Американские девочки — страница 22 из 46

Я, однако, в основном смотрела на Шэрон Тейт. Раньше я никогда не видела ее в кино. В Интернете было полно фотографий с ней, по большей части иллюстрирующих историю ее убийства, попадались и воспоминания о ней, но даже в чужих мемуарах она выглядела только персонажем, а не живым и настоящим человеком. На экране она казалась огромной куклой Барби. Она не была безумно красивой и, несмотря на стройную фигуру, обладала плавными формами и была немножко в теле, как и все актрисы в старых фильмах, даже самые худенькие. Когда она первый раз появляется в этом фильме, она одета как танцовщица с гигантским головным убором из ярких перьев; камера скачет с ее попы на ее сиськи, а потом и на лицо. Несколькими сценами позже, когда она говорит по телефону со своей жуткой пробивной мамашей, та просит ее не забывать, что она, Дженнифер, – всего только тело.

Всего только тело.

Эти слова задели меня за живое: читая об убийствах, я не раз замечала, что о и девочках Мэнсона, и о самом Мэнсоне пишут гораздо больше, чем об их жертвах. Шэрон Тейт оставалась просто именем, или просто красивой блондинкой, или актрисой, или женой режиссера, или женщиной, которая по-настоящему прославилась только в момент смерти. Когда она из тела на экране превратилась в тело в черном мешке для трупов. Мне хотелось, чтобы кино ее оживило, но камера упорно и, казалось, преднамеренно сводила ее личность только к красивому лицу и роскошному телу. Мне показалось это несправедливым – по отношению к ней, во всяком случае.

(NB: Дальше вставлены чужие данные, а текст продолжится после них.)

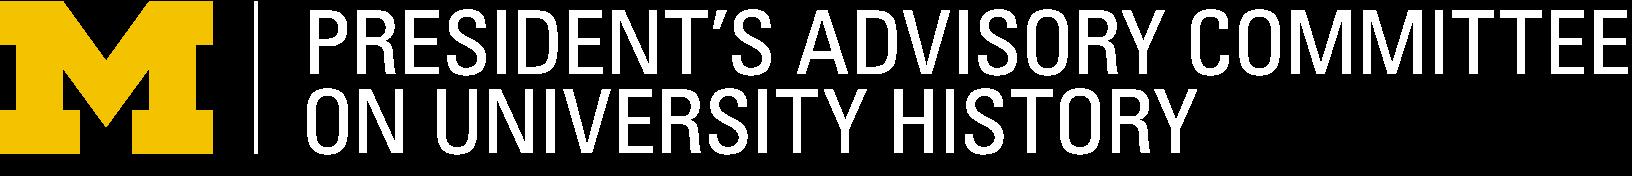 President's Advisory Committee on University History

Но не стану врать, что я думала только о Шэрон Тейт. Вероятно, Роджер все-таки навел на меня профессиональную порчу, потому что всякий раз при виде Шэрон Тейт я вспоминала Пейдж Паркер. Они даже внешне были похожи: обе высокие, со светло-русыми волосами и огромными грудями. Пейдж не дотягивала в смысле гламурности, но она старалась. Даже в спортивном зале на уроках физкультуры она носила розовые кеды с маленькими кристалликами по бокам, и телефон у нее тоже был розовый и со стразами. Но у обеих было то, чего обычно не бывает у красивых, – ищущий взгляд, словно им есть дело до мнения других людей. Словно они хотят понравиться.

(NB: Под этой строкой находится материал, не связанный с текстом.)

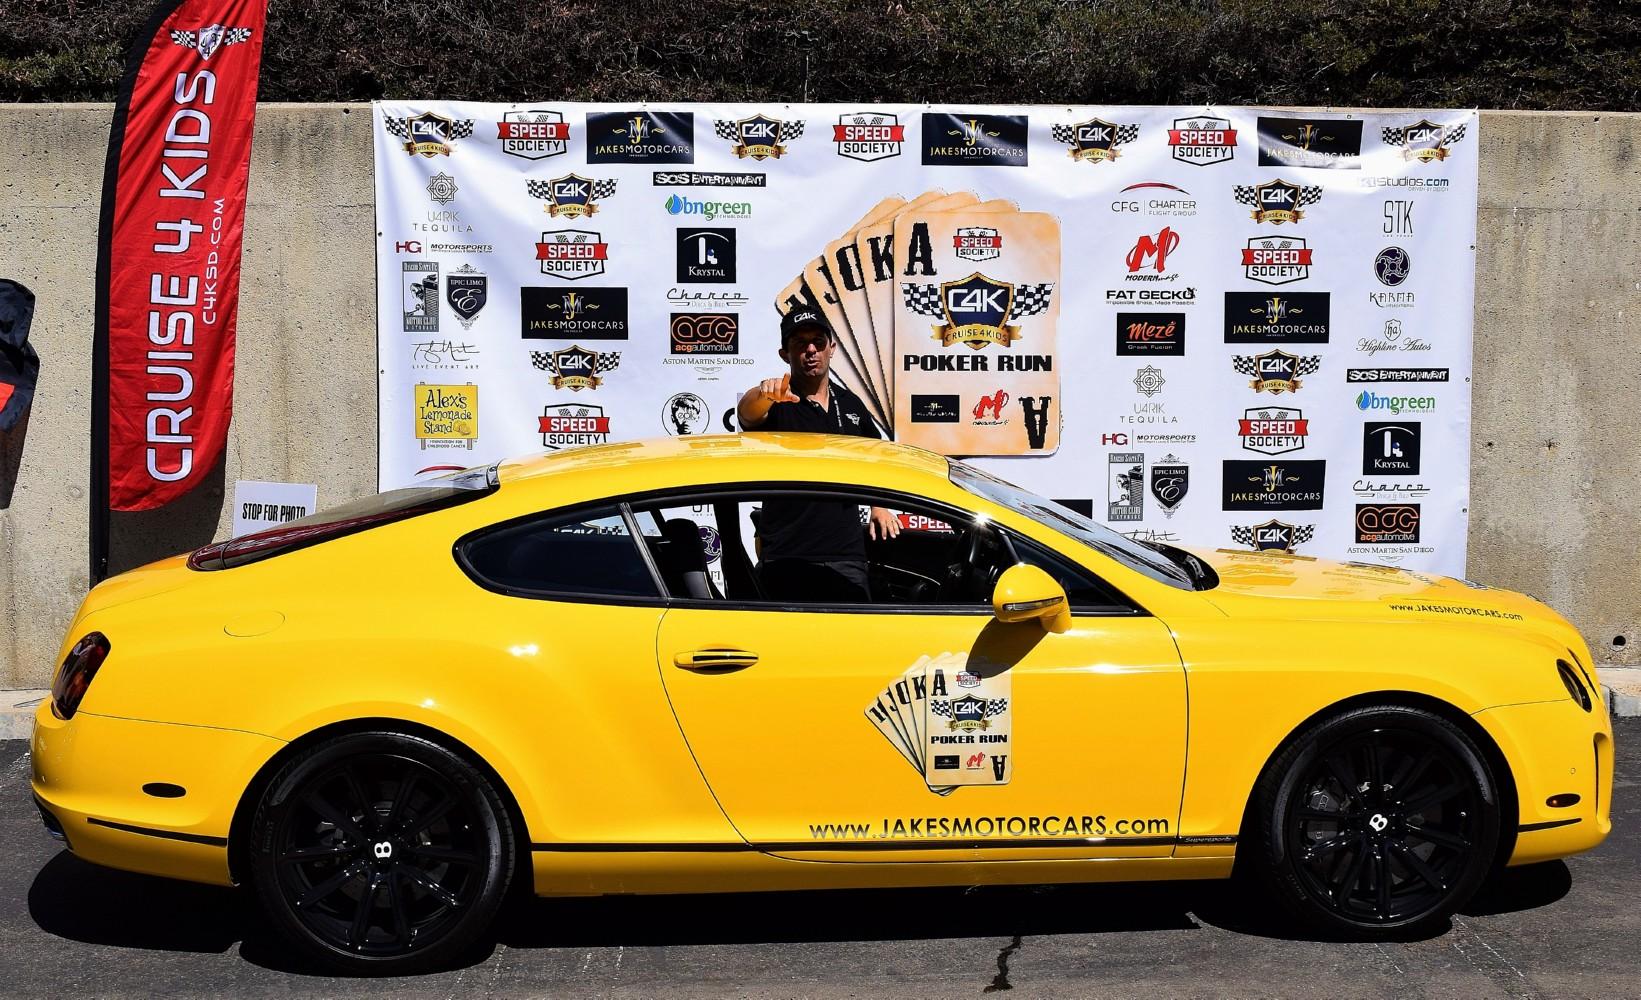 Poker Run 2017 Banner Photos - 1.jpg

Вот что странно: вне нашего общения с Дун у меня, в общем-то, и не было никакого собственного мнения о Пейдж, ни положительного, ни отрицательного. Пейдж начала ходить в мою школу в прошлом году, а с Дун они вместе посещали балетные классы. К концу года Пейдж сделалась для Дун намного хуже самой горькой редьки. То есть Дун совершенно не выносила Пейдж. Если вы спросите меня, Пейдж не настолько яркая личность, чтобы вызывать ненависть. Там и ненавидеть-то нечего. Она скорее вроде Шэрон Тейт: дико хорошенькая, но и дико скучная. Однако дружба иногда напоминает покер. У меня не было никакого личного отношения к Пейдж, но у меня был джокер, который мог стать чем угодно, и я поддакивала Дун, когда она говорила, насколько Пейдж ужасна, и какая она шлюха, и что пусть бы ее собака сдохла, а сама Пейдж растолстела. Нет, кривлю душой. Я не просто поддакивала Дун, но сейчас мне об этом думать не хотелось.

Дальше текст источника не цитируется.